Blender extension designed to import images textures made with Substance Painter or similar surfacing tools into Blender 3D easily. The script looks at all the images in the chosen directory and attempts to guess the corresponding shader input to plug them into. According to the target materials names, the algorithm will look for a matching image name pattern to fill the selected map names enabled in the UI panel. The extension panel is available via a shortcut button in the File menu > Import > Substance textures and in the Shader Nodes Editor SideBar > STM Tab (optional). Also, an option is available in the extension preferences to have a shortcut button displayed in the Material properties as well. The texture maps names are editable and can include up to 3 multi-channel maps. The target shader input socket can be set from a drop-down list for better control.
Portable panel displayed when using the shortcut in Nodes editor or the optional Material properties:
The texture files must have been exported using a pattern containing the material name and a map type (BaseColor, Metallic, Roughness, Normal etc.).
You can use the Split RGB option to connect the Red, Green and Blue channels individually if your textures include separate maps mixed in. When 'Detect target socket' is enabled the script will parse the line name and fill in the input socket if a match is found and Line names like 'alpha_ior_metal' will be recognized as split-rgb.
Note: 'Detect target socket' should be disabled to be able to manually select a target socket for a texture map or the drop-down list will overwritten and appear grayed out.
Various options are available for fine tuning such as adding RGB curves and color ramps, using custom shader nodes, inverting the Green channel of the normal map or even ignoring the .00x prefix in duplicated material names. Manual assignment is also possible for a given material regardless of the texture file name pattern.
TLDR Add-on Installation Video Tutorial
Download the latest git release of Substance Textures Importer from here and install it in Blender via Edit > Preferences > Add-ons > Install an Addon.
Once installed, enable like the other add-ons by ticking the checkbox in front of “Substance Textures Importer”. You can adjust the defaults in the extension preferences panel. The user interface panel is available from the Material section in the Properties window.
Basic Features & How-to Video tutorial (Outdated video)

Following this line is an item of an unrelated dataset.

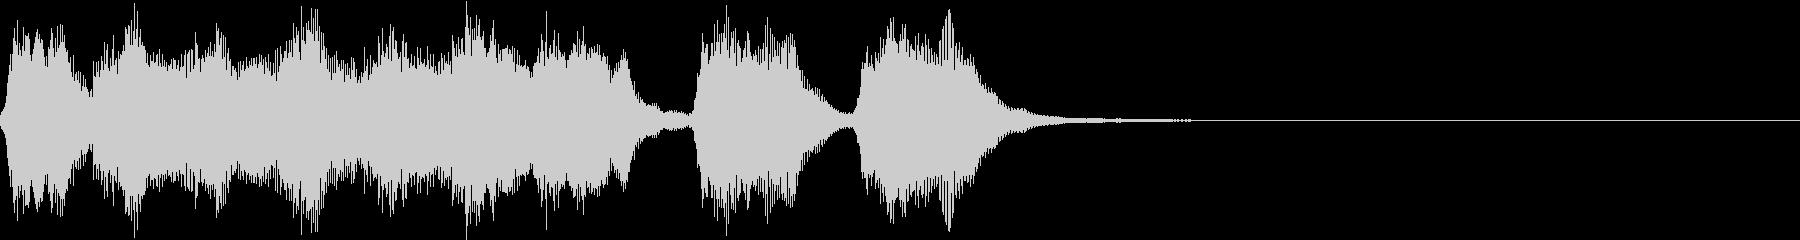 シンプル トランペット ファンファーレMの未再生の波形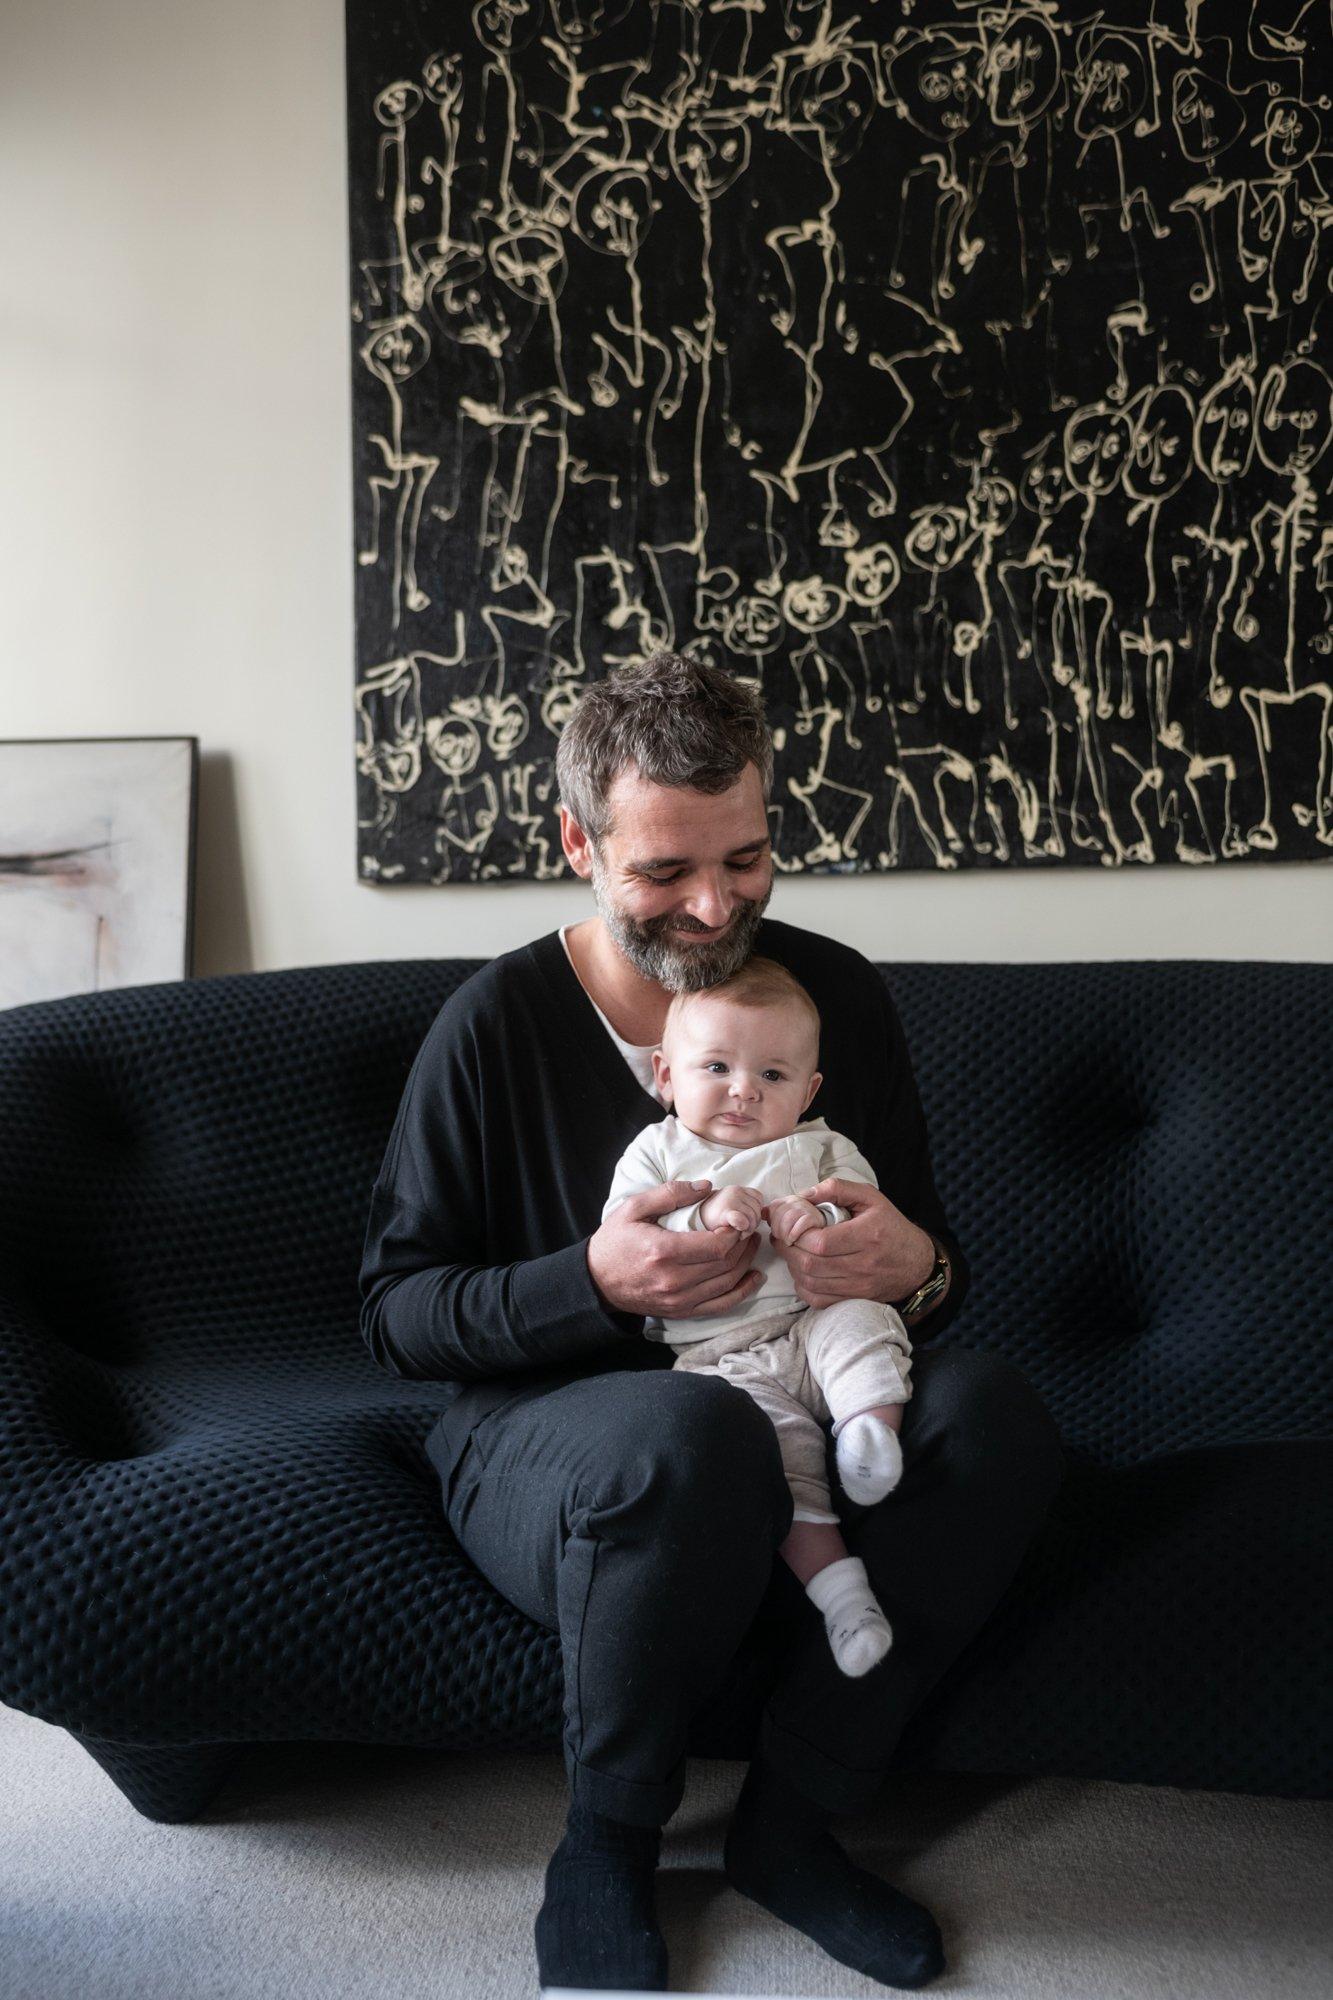 Salon Appartement Paris Fondateur Portrait Cliché Jean-Baptiste Martin Anne Sasha 5 mois

The panel labeled "Substance Textures Importer" is available via a button in the File > Import menu or the side bar of the Nodes editor (STM tab) and can have a button displayed in the Material Tab if you set it in the addon preferences. This will open a panel with a default list of textures names. First set the desired target in the 'Target' dropdown list at the top and choose the directory containing the textures files to be imported using the folder selection window or the field under the "Maps Folder" section of the Shader Node Editor Panel. After setting the folder, modify the texture maps names ('Color','Roughness'...) to fit your naming pattern, or use the '2-gears' button at the right of the list to attempt to auto-fill the line names if the current material name is detected in the folder content. The button with the chip icon below restores the line names to a default set of values.
You can enable/disable the textures maps type you wish to import by ticking the 'Active' checkmark under the maps list in the addon panel (you can also add/delete more lines and edit the texture map name if needed)
By default the script will import the images for all selected objects at once, the target can also be set to every scene materials, all visible objects materials, only the active object or only the active material of each selected object.
The separator character used to identify multi-sockets lines is configurable in the extension preferences panel ( separators currently available: _ - , ; . + & ).
When this option is enabled the shader node of the material will be replaced by the one displayed in the dropdown selector next to it.
By default a normal map node or bump map node is added when a normal map or height map is detected. Enable this option if you are using a custom shader that already include such conversion node in order to plug the image directly in the selected input socket.
Enabled by default, disable it to invert the green channel of a normal map to use directx-style format instead of the usual one.
Use this option to add your own NodeGroups to the Shaders list used by the "Replace Shaders" option. Your custom shaders needs to have at least one input socket and a shader output socket in order to be added to the list.
Removes all existing nodes nodes from the target materials before processing them.
Inserts a RGBCurve or a ColorRamp node between the images and their assigned sockets to enable fine tuning.
Process only the active material from the material slots for each target object.
Enable this option to ignore the .00x prefix from the target materials names.
Required to create the nodetree connecting the images to their respective sockets.
This option should be enabled if you want to load the textures images in their respective nodes.
Use this to be able to manually select a texture file instead of relying on the pattern detection algorithm of the addon. When enabled, a new line labelled 'Overwrite file name' will appear under the maps table. It can be activated for the required line and a file selection field will appear below that you can use to set the path of a texture file to import. Note: When "Manual" and "Overwrite file name" are enabled in one of the Panel lines, the addon will skip the name pattern detection and will use the path you select instead.
The 'Operator Presets' dropdown list at the top of the panel allows you to store and loads the parameters used in the UI panel.